There's an inherent assumption that a company should be matching the industry for P/S ratios like Lushang Freda PharmaceuticalLtd's to be considered reasonable.

Taking a look back first, the company's revenue growth last year wasn't something to get excited about as it posted a disappointing decline of 46%. As a result, revenue from three years ago have also fallen 24% overall. So unfortunately, we have to acknowledge that the company has not done a great job of growing revenue over that time.

Looking ahead now, revenue is anticipated to slump, contracting by 39% during the coming year according to the nine analysts following the company. That's not great when the rest of the industry is expected to grow by 9.2%.
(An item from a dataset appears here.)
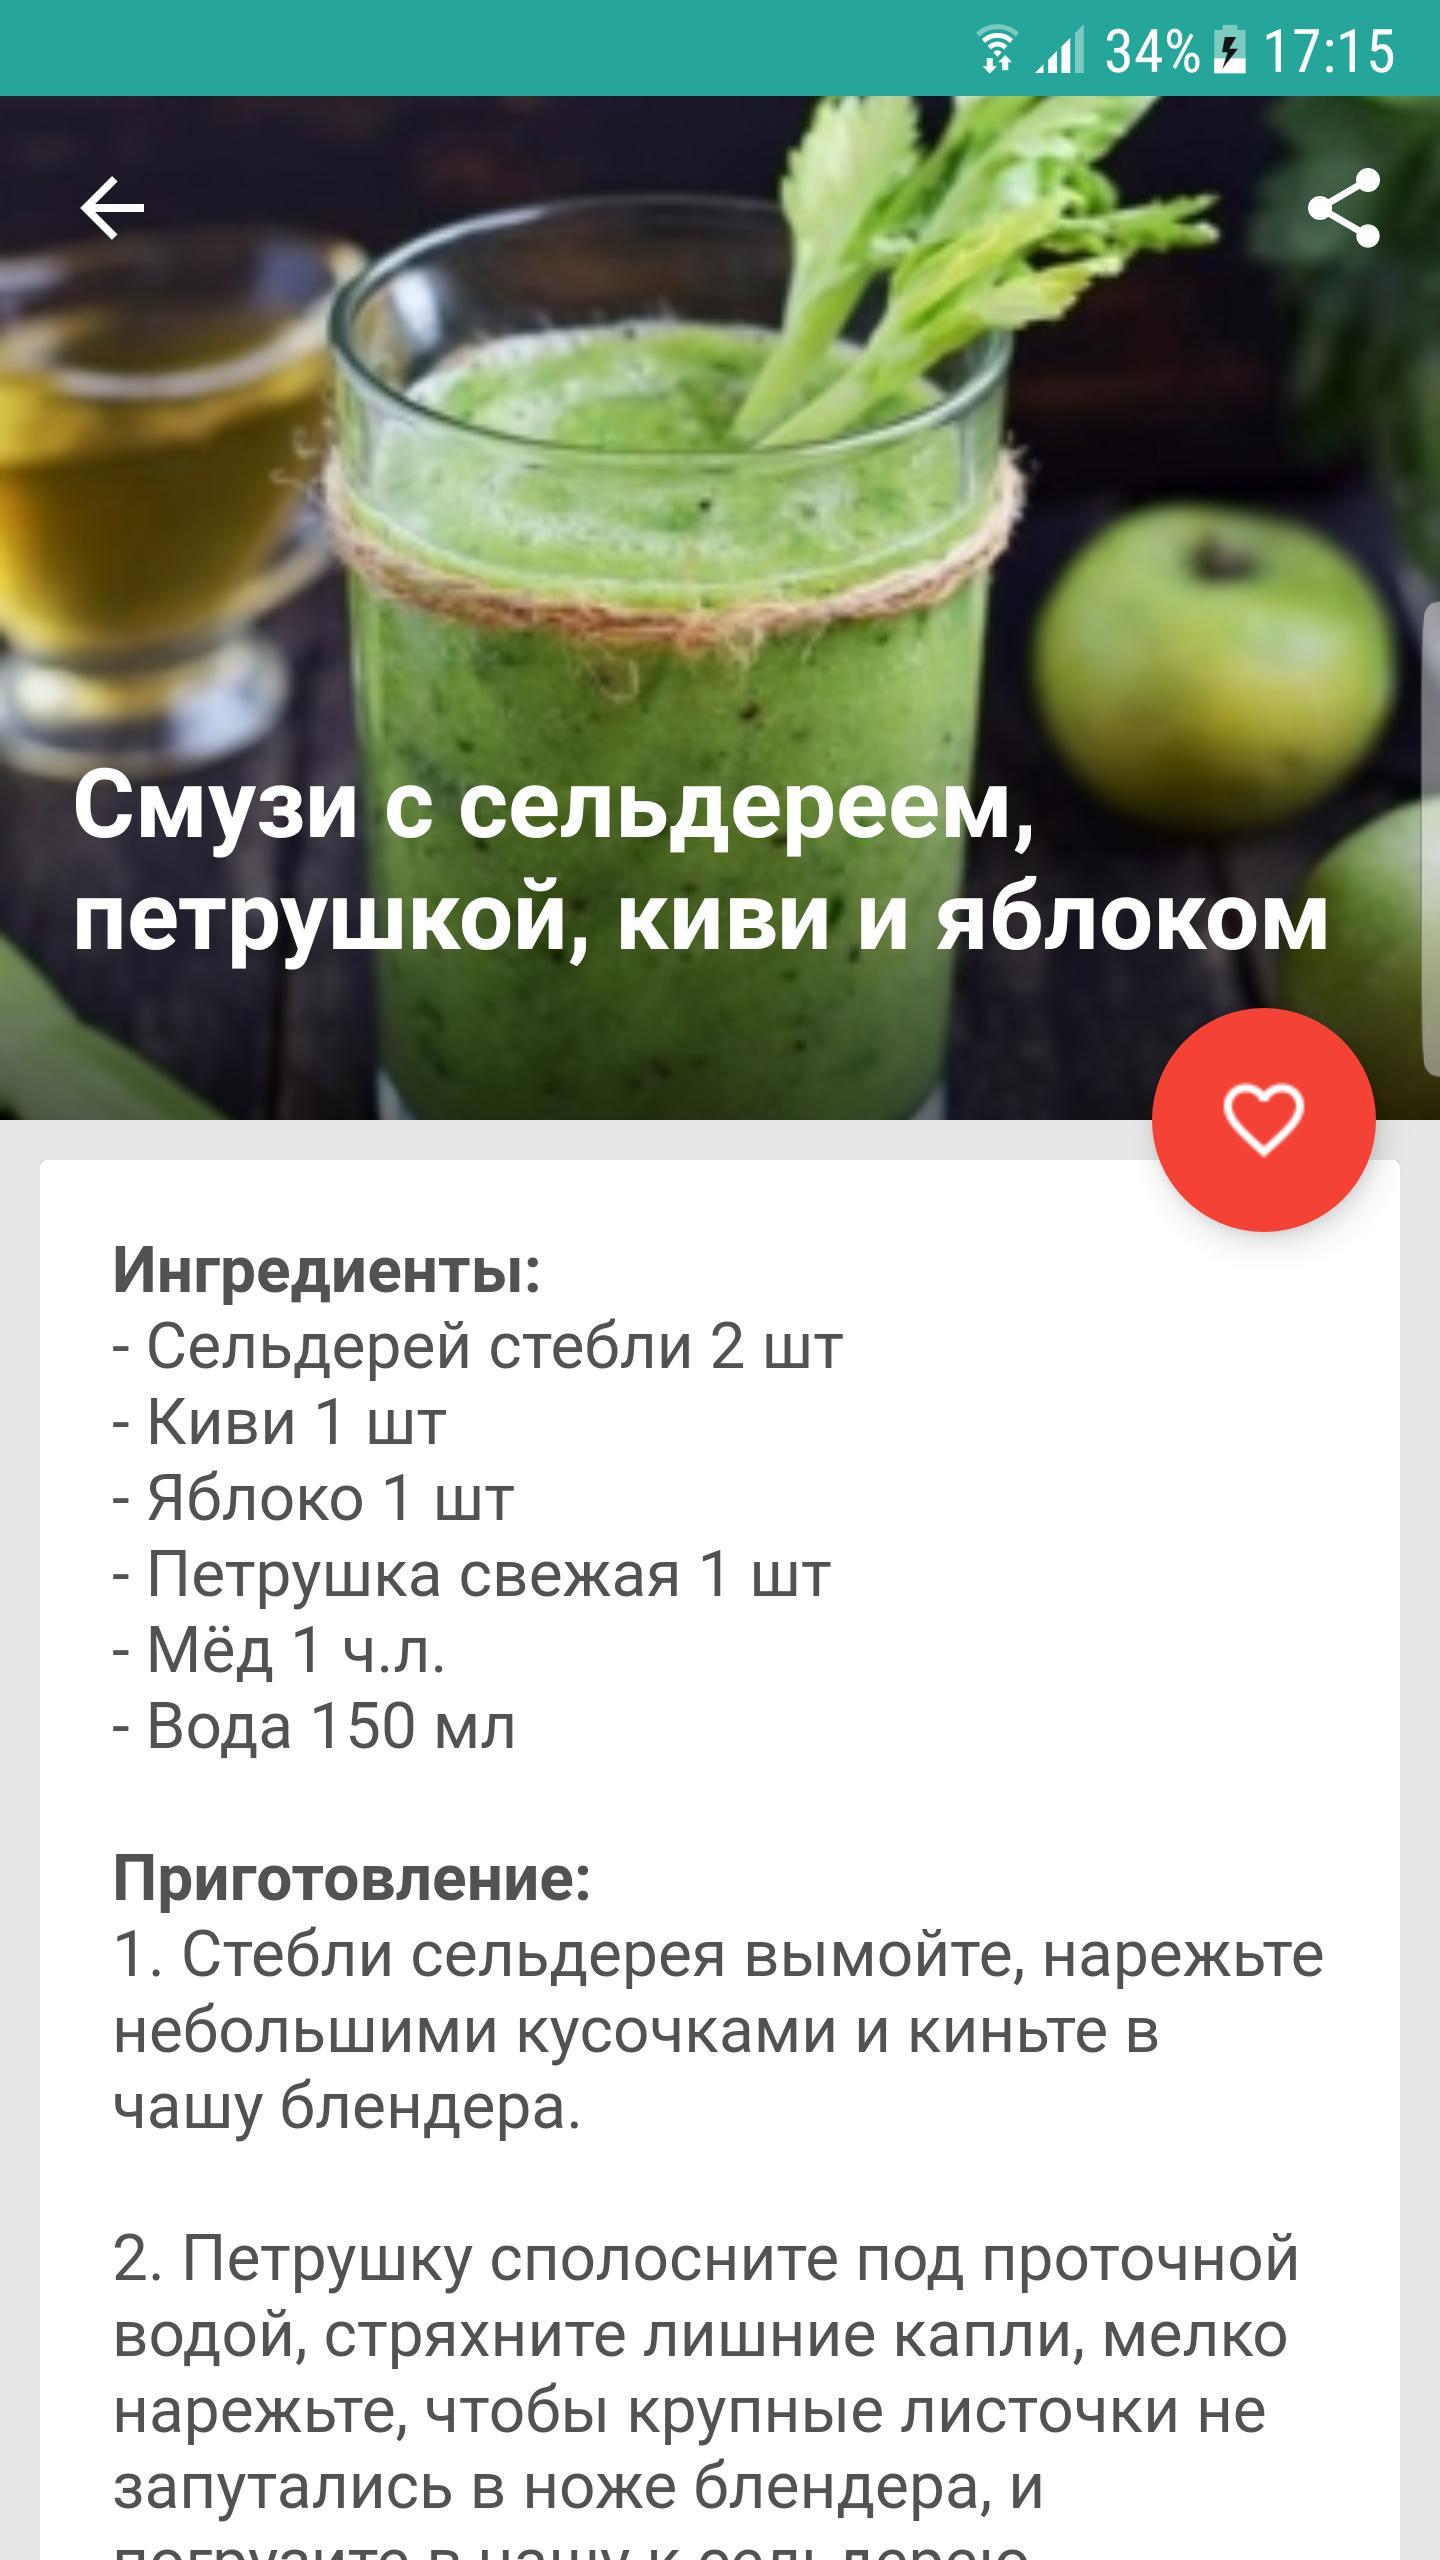 Белковые коктейли для похудения в домашних условиях: какие лучше, отзывы
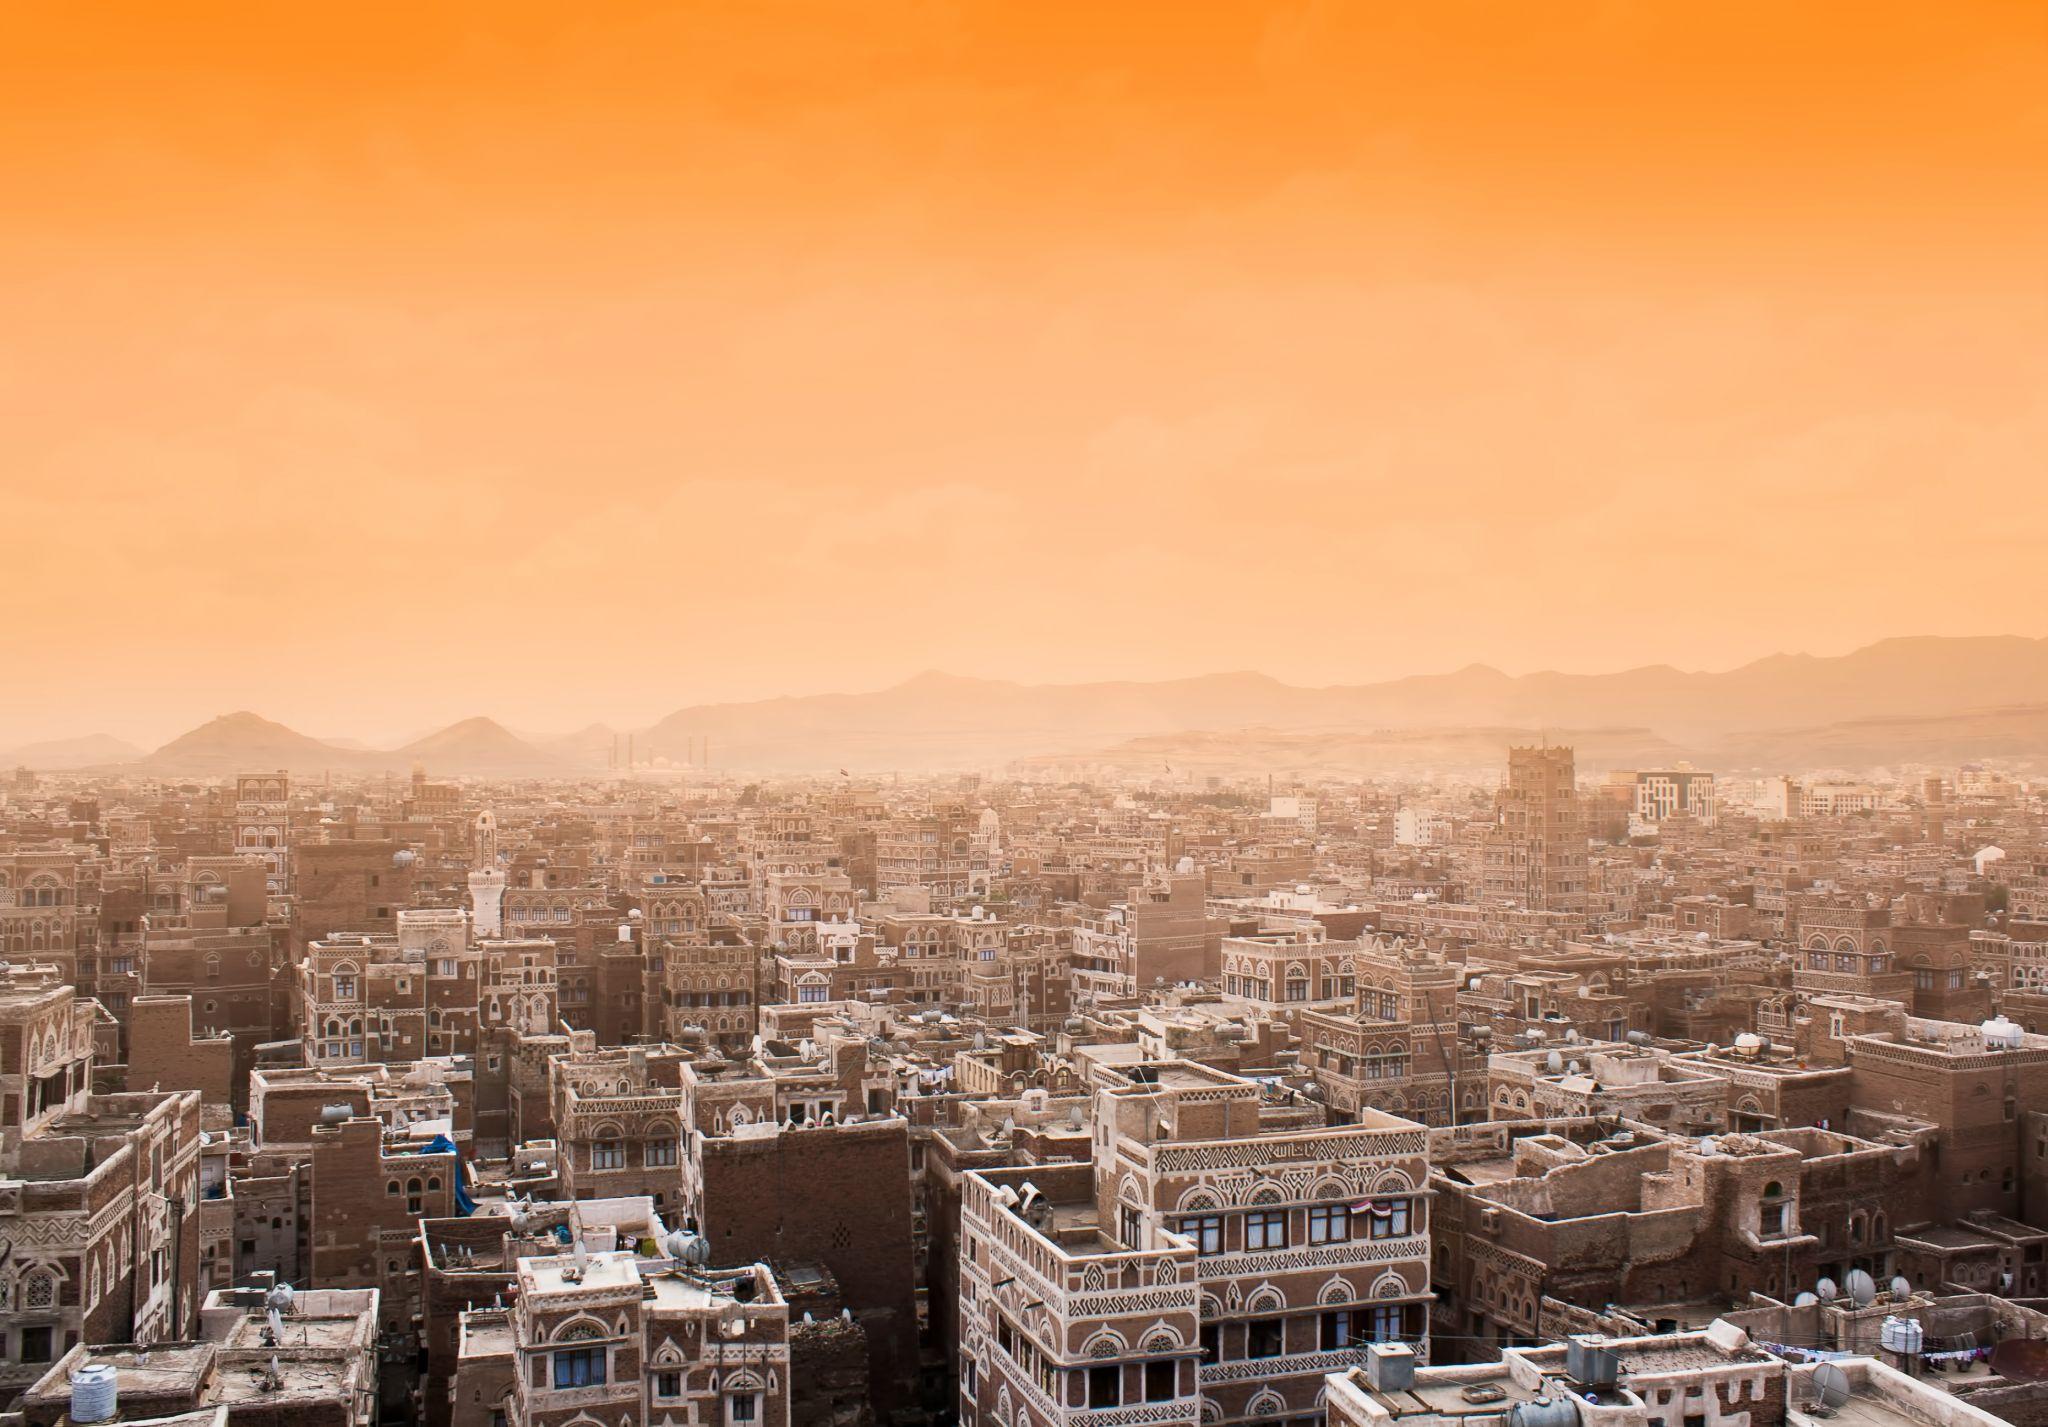 old city of Sana, Yemen

With this in consideration, we think it doesn't make sense that Lushang Freda PharmaceuticalLtd's P/S is closely matching its industry peers. Apparently many investors in the company reject the analyst cohort's pessimism and aren't willing to let go of their stock right now. Only the boldest would assume these prices are sustainable as these declining revenues are likely to weigh on the share price eventually.

The Key Takeaway

Lushang Freda PharmaceuticalLtd appears to be back in favour with a solid price jump bringing its P/S back in line with other companies in the industry It's argued the price-to-sales ratio is an inferior measure of value within certain industries, but it can be a powerful business sentiment indicator.

While Lushang Freda PharmaceuticalLtd's P/S isn't anything out of the ordinary for companies in the industry, we didn't expect it given forecasts of revenue decline. With this in mind, we don't feel the current P/S is justified as declining revenues are unlikely to support a more positive sentiment for long. If the declining revenues were to materialize in the form of a declining share price, shareholders will be feeling the pinch.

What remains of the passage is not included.